Plusieurs auteurs conseillent de couper les jeunes feuilles, d’arrêter les racines : je dirai sans cesse, n’en faites rien ; la nature ne les a pas donné aux plantes inutilement. Si on les conserve avec le plus grand soin, la reprise en sera plus facile & plus prompte. Un léger arrosement après la transplantation est nécessaire à moins qu’on ne soit assuré de la pluie.

Comme dans les provinces tempérées on a l’avantage de semer pendant tous les mois de la belle saison, on peut également replanter & conserver pour l’hiver un certain nombre de pieds que l’on met à l’abri sous la paille pendant la durée du froid : si la paille est chère & rare, on y substitue les feuilles & c’est encore mieux ; après avoir coupé la sommité des feuilles, on butte le reste avec de la terre que l’on bat afin que l’eau ne la pénètre pas ; s’il survient du beau temps, on découvre un peu les plantes, on émonde les feuilles gâtées, afin de préserver la plante de la pourriture à laquelle elle est fort sujette. La poirée verte soutient mieux le froid que les autres. Si, comme dans les environs de Paris, on a du fumier de litière à discrétion, il sera plus avantageux de s’en servir que des autres expédiens dont on a parlé ; mais ailleurs le fumier est trop cher.
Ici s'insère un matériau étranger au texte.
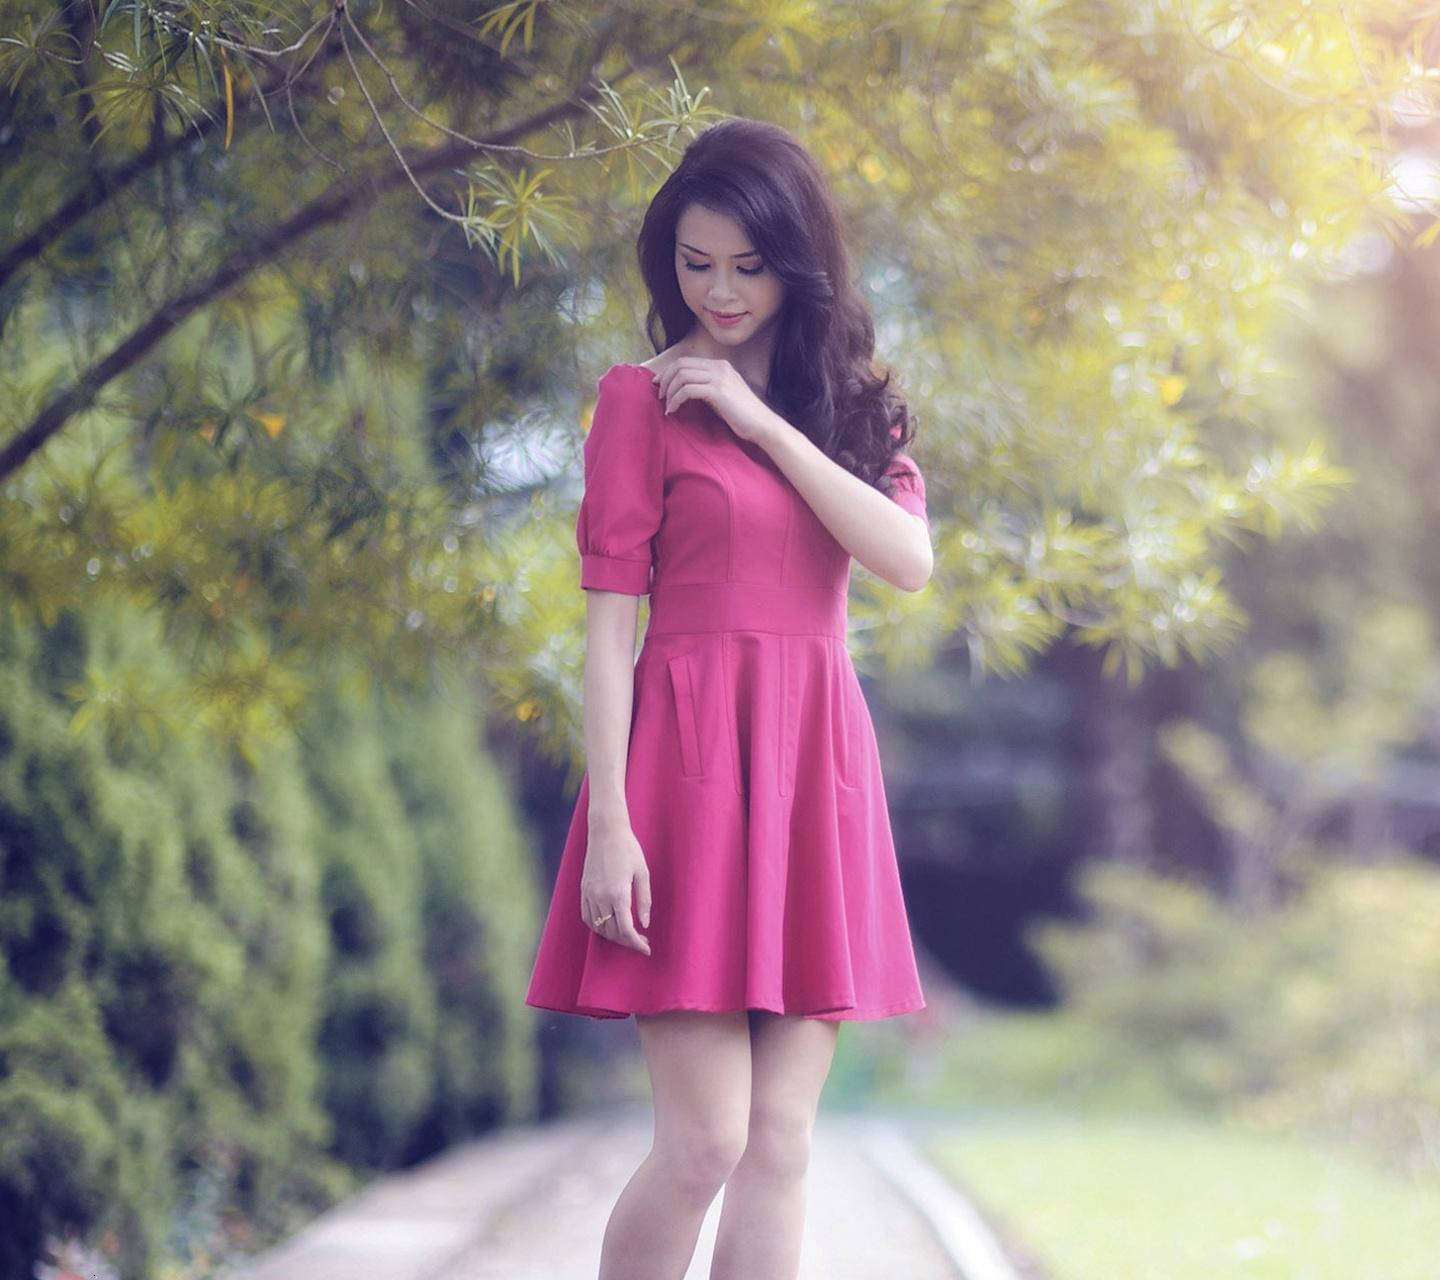 Chinese Woman In Red Dress Wallpaper

En général, on coupe toutes les feuilles de la poirée, ras terre, au commencement de septembre, afin de lui faire produire une ample récolte en octobre. Cette opération n’empêche pas pendant tout l’été de casser successivement toutes les côtes qui sont assez larges pour servir d’alimens : il part sans interruption de nouvelles feuilles de la plante.

Lorsqu’elle veut monter en graine, elle devient plus économe, sa tige s’élève avec rapidité entre les feuilles radicales, & dès-lors toute suppression est interdite : on ne conserve que quelques pieds, & tous les autres sont arrachés.

Propriétés. Les poirées nourrissent peu, rafraîchissent, tiennent le ventre libre, rendent l’estomac moins propre à digérer les alimens solides. Cependant, si on a l’attention de les faire cuire la veille pour le lendemain, de les laisser égoutter dans un tamis ou sur une passoire, alors ces côtes perdent en grande partie leur eau de végétation & celle dont elles se sont chargées pendant la cuisson, elles fatiguent moins l’estomac & sont plus susceptibles de perdre leur saveur fade & de prendre les assaisonnement.

La feuille est une des cinq émollientes ; récente & appliquée sur l’espèce d’excoriation produite par les vésicatoires, elle entretient l’écoulement séreux ; elle agit de même sur l’ulcération de la tête causée par la teigne. Le suc exprimé des feuilles & particulièrement de la racine, inspiré par le nez, fait éternuer & déterminer par les fosses nasales une évacuation abondante de mucosités ; en conséquence, il est proposé pour les douleurs rhumatismales & l’enchifrènement catarrhal.